Benchmarks and datasets
CONVOLEARN: Fine-Tuning Dialogic AI Tutors
Dataset of 2,134 teacher-student dialogues labeled across six learning-sciences dimensions to train and evaluate dialogic tutoring behavior in LLMs.
Psychometric Analysis of MRBench V2
Applied CFA, IRT, G-theory, and measurement invariance testing to validate MRBench V2. Found six of eight dimensions form a coherent scale (CFI=0.998, Grel=0.974) but detected non-equivalence across model sizes.
Decoding Actionability in Teacher Observation Feedback
Fine-tuned RoBERTa on 662 annotated feedback examples to classify actionability, then scaled to 12,000+ instances to identify linguistic patterns distinguishing actionable from vague feedback.
AI system evaluation
CantoTalk: Probing Teacher Expertise From Fine-Tuned Representations
Fine-tuned five LLMs on 7,518 Cantonese teacher utterances to classify talk moves (micro-F1=0.81). Probed embeddings to show teacher expertise is linearly separable and clustering reveals three distinct discourse styles.
ClaimCLAIRE: Trust-Aware Multi-Component Fact-Checking
Built a fact-checking agent integrating component-aware decomposition, trust-modulated retrieval, and adaptive gap-filling. Achieved 84.27% accuracy on AVeriTeC by balancing evidence comprehensiveness with source reliability. Accepted for oral presentation at TrustNLP @ ACL 2026.
A Bigger Catch: Fine-Grained Curriculum Alignment on MathFish
Built a three-stage pipeline (hard negatives, cross-encoder reranking, ReAct agent) to predict which of 385 Common Core standards a math problem aligns to, achieving 31.3% exact match (6.5× baseline). Accepted at 21st BEA @ ACL 2026.
Applied psychometrics
SELOS: Social and Emotional Learning and Orientation Scale
Developed and validated an 8-item SEL scale in Hindi with 4,352 students. EFA and CFA revealed a two-factor structure with strong reliability and partial measurement invariance across gender.
CSEL: Measuring Teacher Beliefs About Classroom SEL
Developed a scale measuring teachers' beliefs about classroom SEL with 2,097 teachers. Factor analysis revealed three dimensions (management, culture, relationships) that predict teacher well-being and correlate with emotional intelligence.
DiPeCoS: Digital Pedagogy Competence Scale
Created an 8-item scenario-based assessment of teachers' digital pedagogy competence, validated with 1,315 teachers using IRT. Items show good discrimination and appropriate difficulty, forming a unidimensional construct grounded in UDL.

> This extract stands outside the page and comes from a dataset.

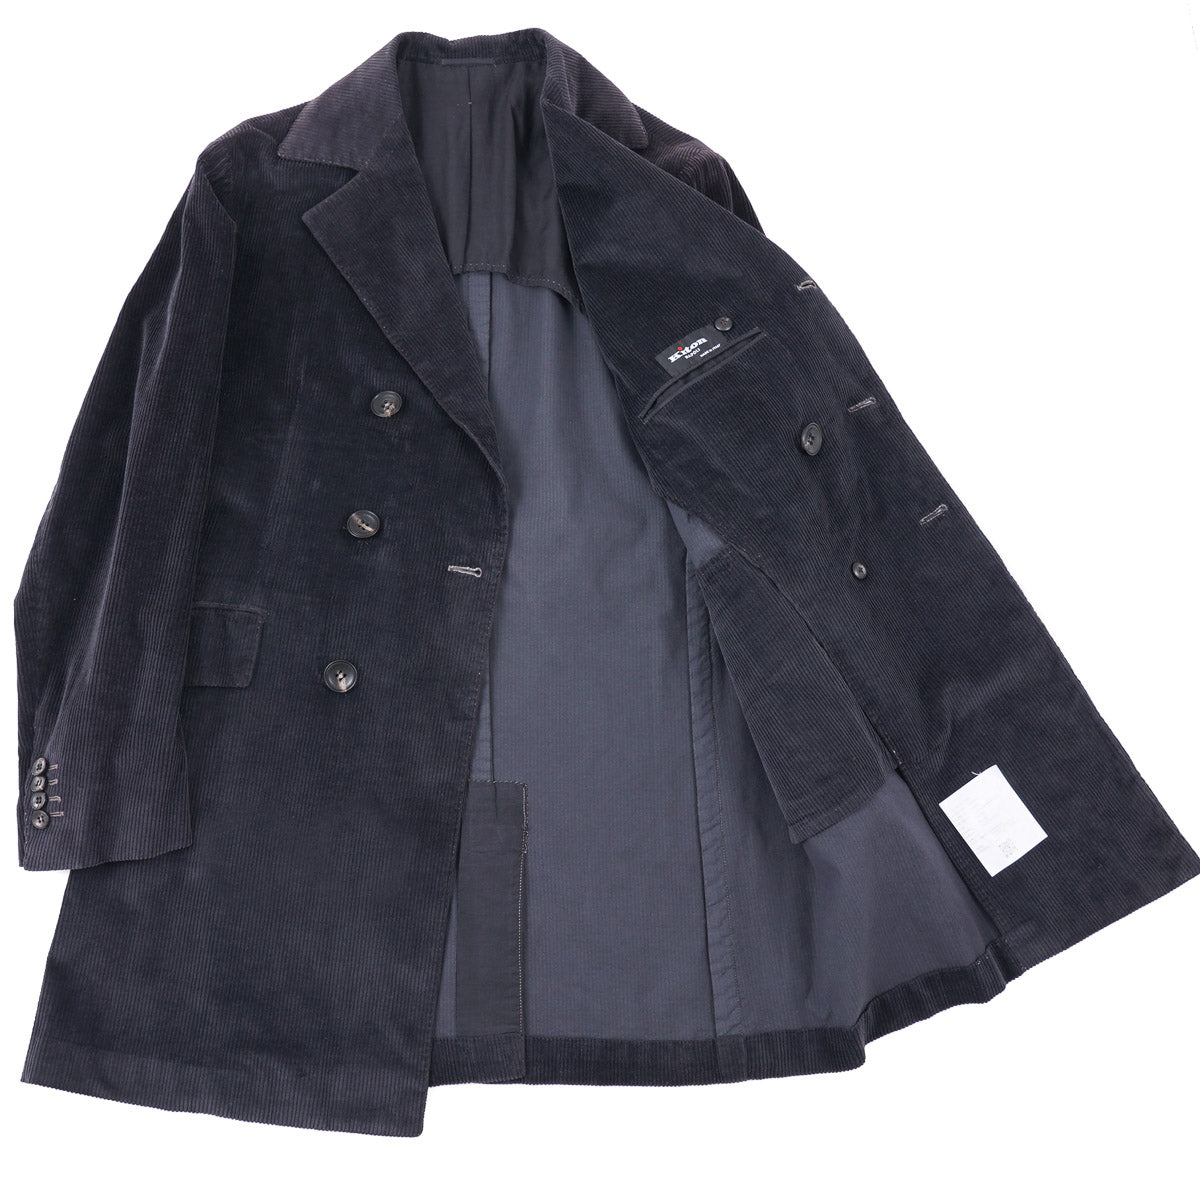 Kiton Cotton-Cashmere Corduroy Overcoat - Top Shelf Apparel
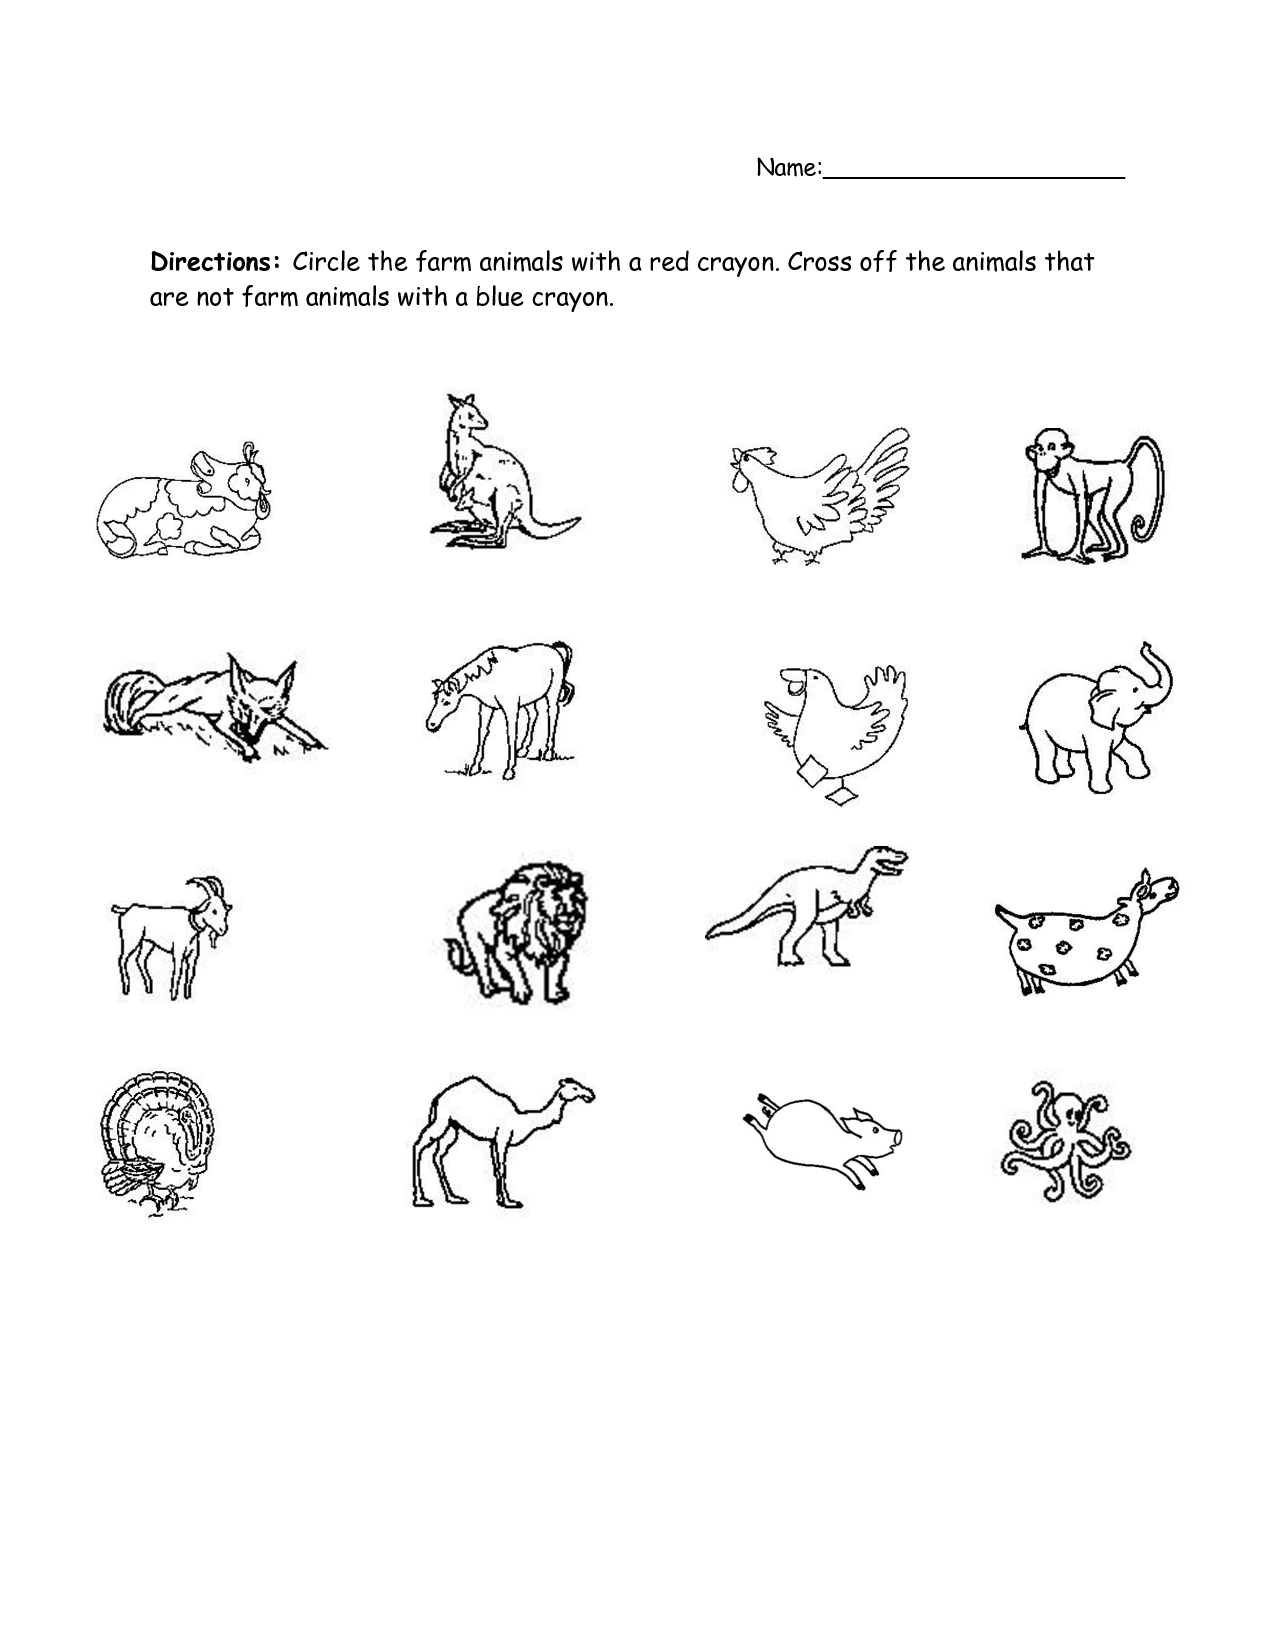 Farm Animals Math Preschool Worksheets Image

Real-world outcome evaluation
Game-Based Learning: Building Knowledge and SEL Competencies
Designed a course centered on 'Bury me, my Love' and tested it with 201 adolescents across India and UAE. Found significant increases in both migration knowledge (p<0.001) and empathy/compassion, with interesting gender effects.
Equilibrium in Empathic Response Predicts IWAH
Used polynomial regression with response surface analysis on 634 Indian adolescents to show that equilibrium in empathic concern and personal distress predicts identification with all humanity, while directional disequilibrium (EC>PD) provides no additional benefit.
Global Citizenship Identity Mediates Knowledge, Skills, and Engagement
Mediation analysis with 249 participants showing global citizenship identification accounts for 70.7% of critical inquiry's effect on engagement, 39.9% of awareness's effect, and 33.6% of empathy's effect. Critical inquiry has no direct effect without identity.